An elementary proof of symmetrization postulate in quantum mechanics for a system of particles

TL;DR

This paper provides a mathematical proof that, under certain conditions, the wave function of identical particles in quantum mechanics must be either symmetric or antisymmetric, supporting the symmetrization postulate without considering spin.

Contribution

It offers an elementary proof of the symmetrization postulate for identical particles, assuming invariance of probability density and continuity conditions, ignoring spin effects.

Findings

Wave function must be symmetric or antisymmetric under particle exchange.

Proof relies on invariance of probability density and continuity conditions.

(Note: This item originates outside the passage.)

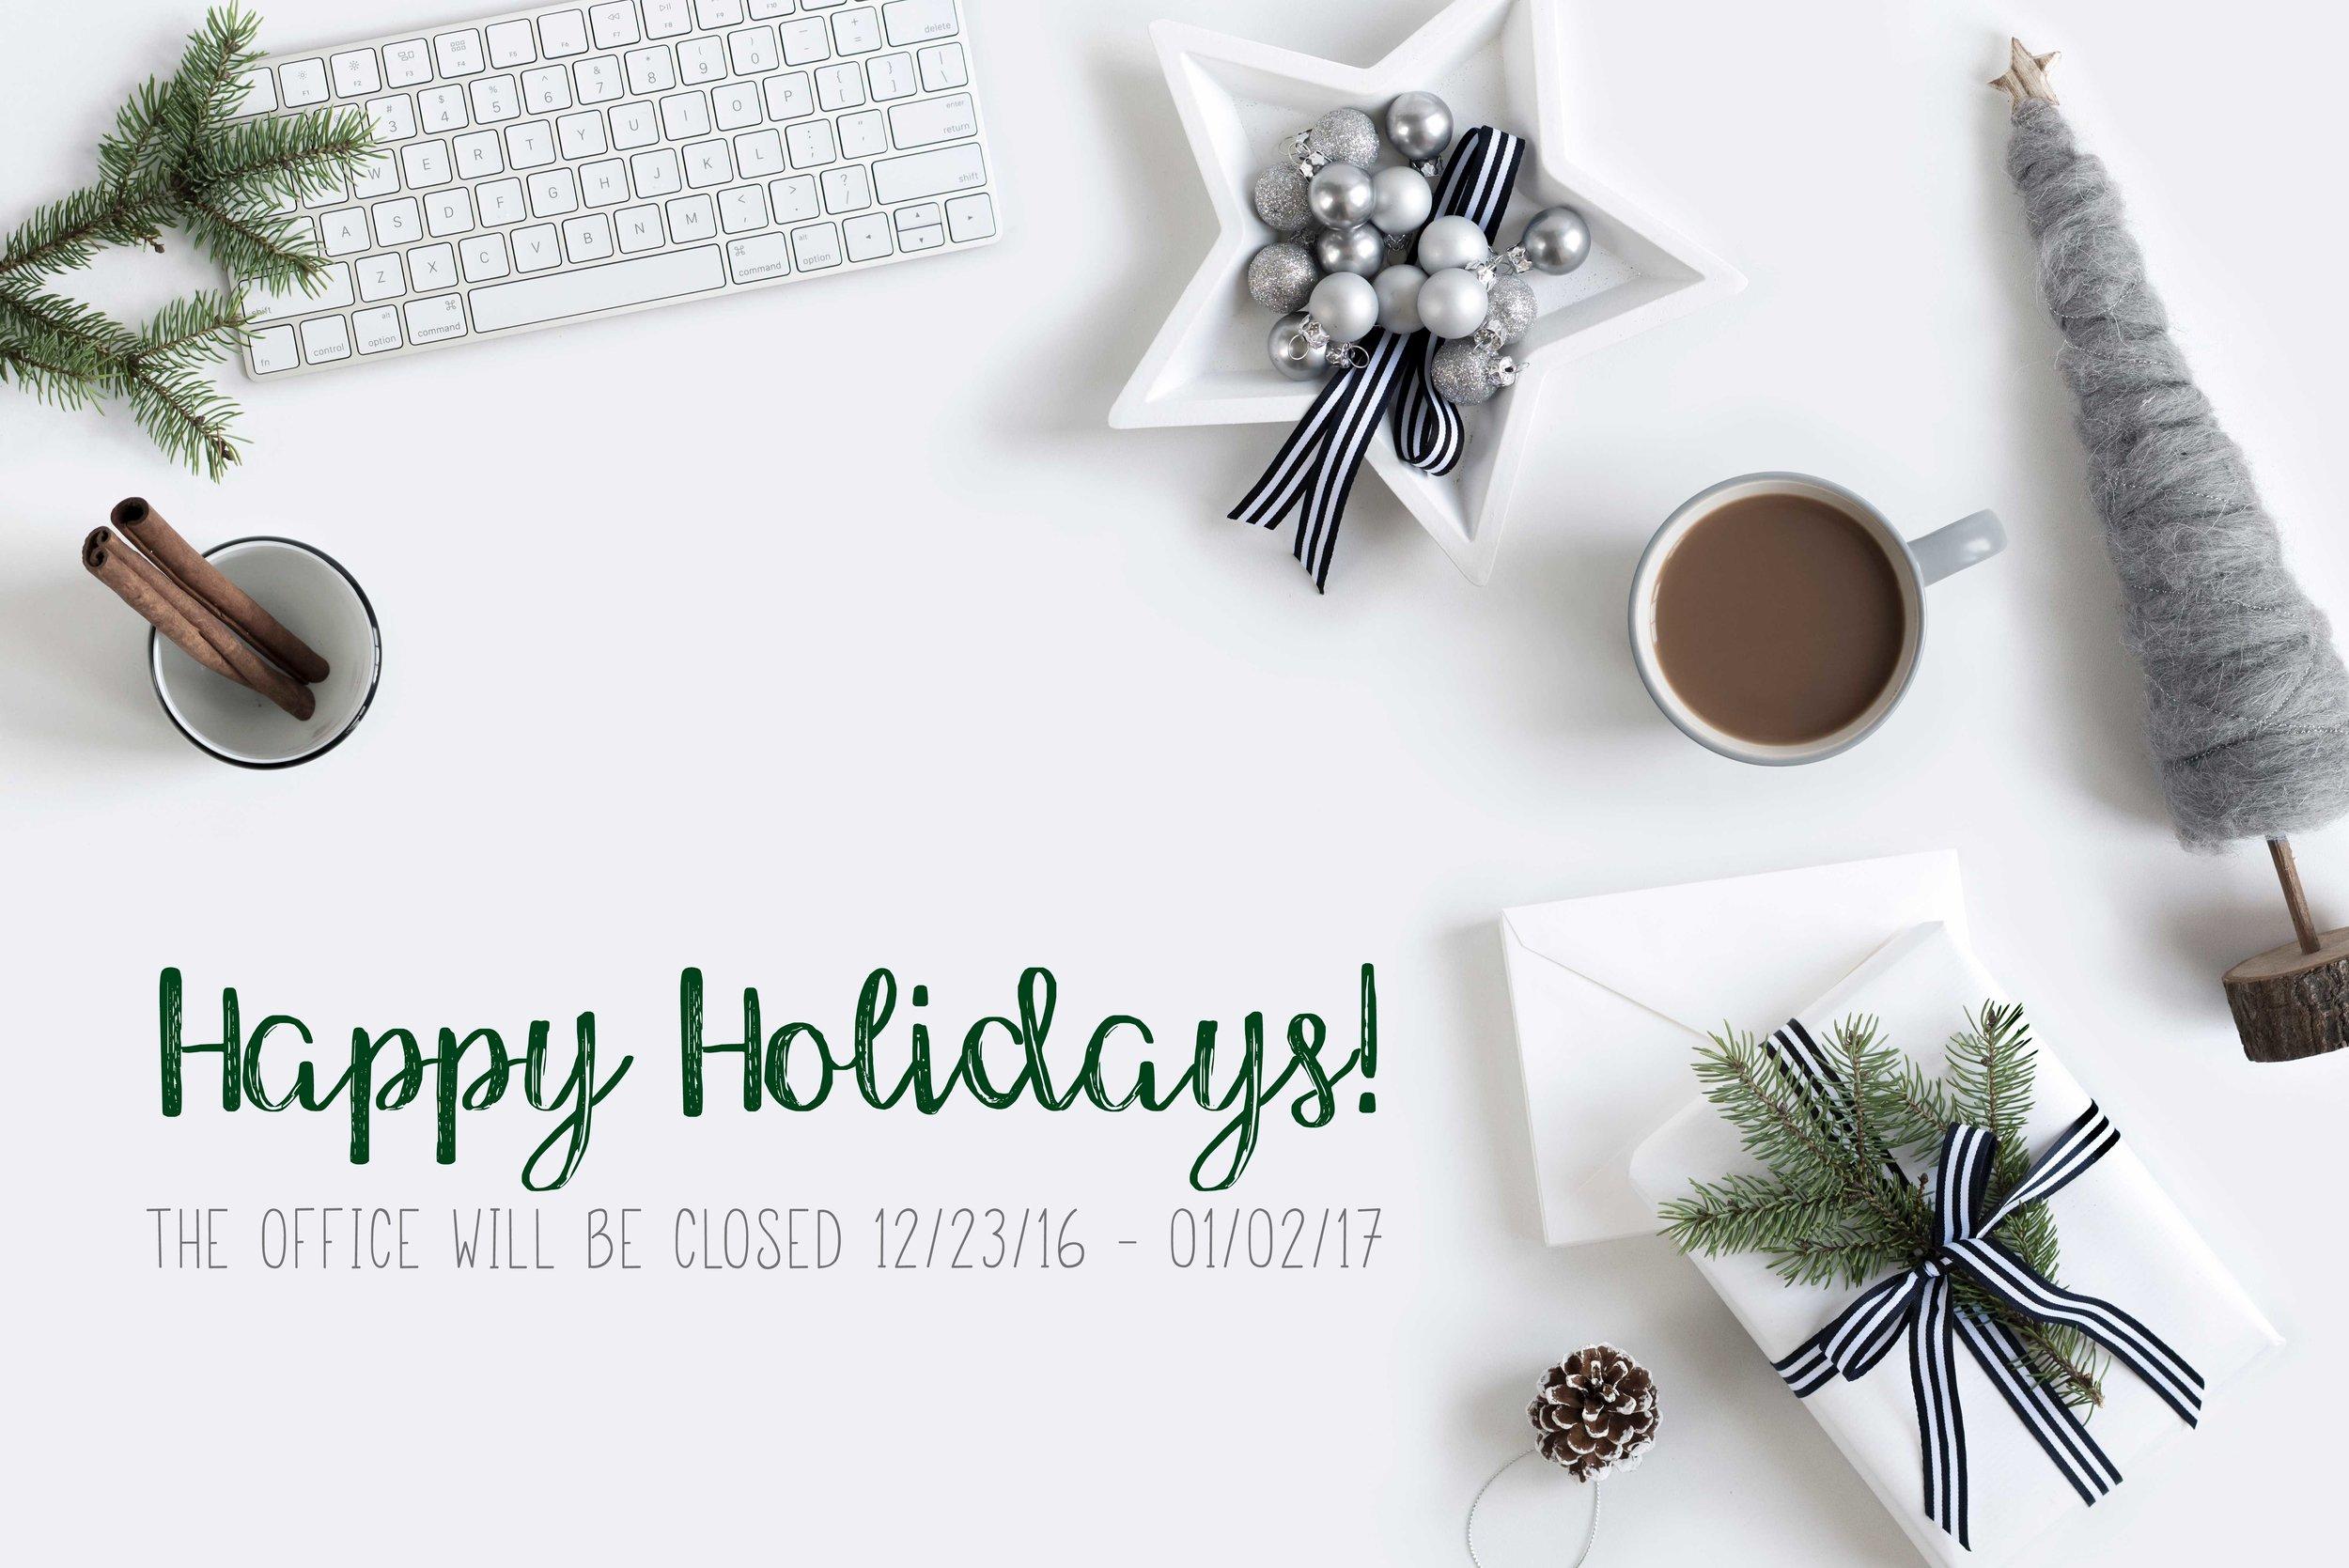 Holiday Hours - SarahMoon.net

Applicable to connected configuration space with exchange-invariant potential.

Abstract

According to symmetrization postulate for a system of identical particles, wave function has to be completely symmetric or completely anti-symmetric. In this paper we want to mathematically justify this postulate ignoring the spin part of wave function in three dimension. For a system of N identical particles, if the solution to the governing Schrodinger equation meets these criteria: a) the probability density remains invariant when any two particle positions are exchanged over time, b) the wave function is continuous and has a continuous gradient, and the system exhibits the following characteristics: c) the configuration space, which is 3N dimensional, is connected, and d) the potential term in the Hamiltonian is invariant under the exchange of any two particle positions, then the wave function must be either totally symmetric or totally antisymmetric over time.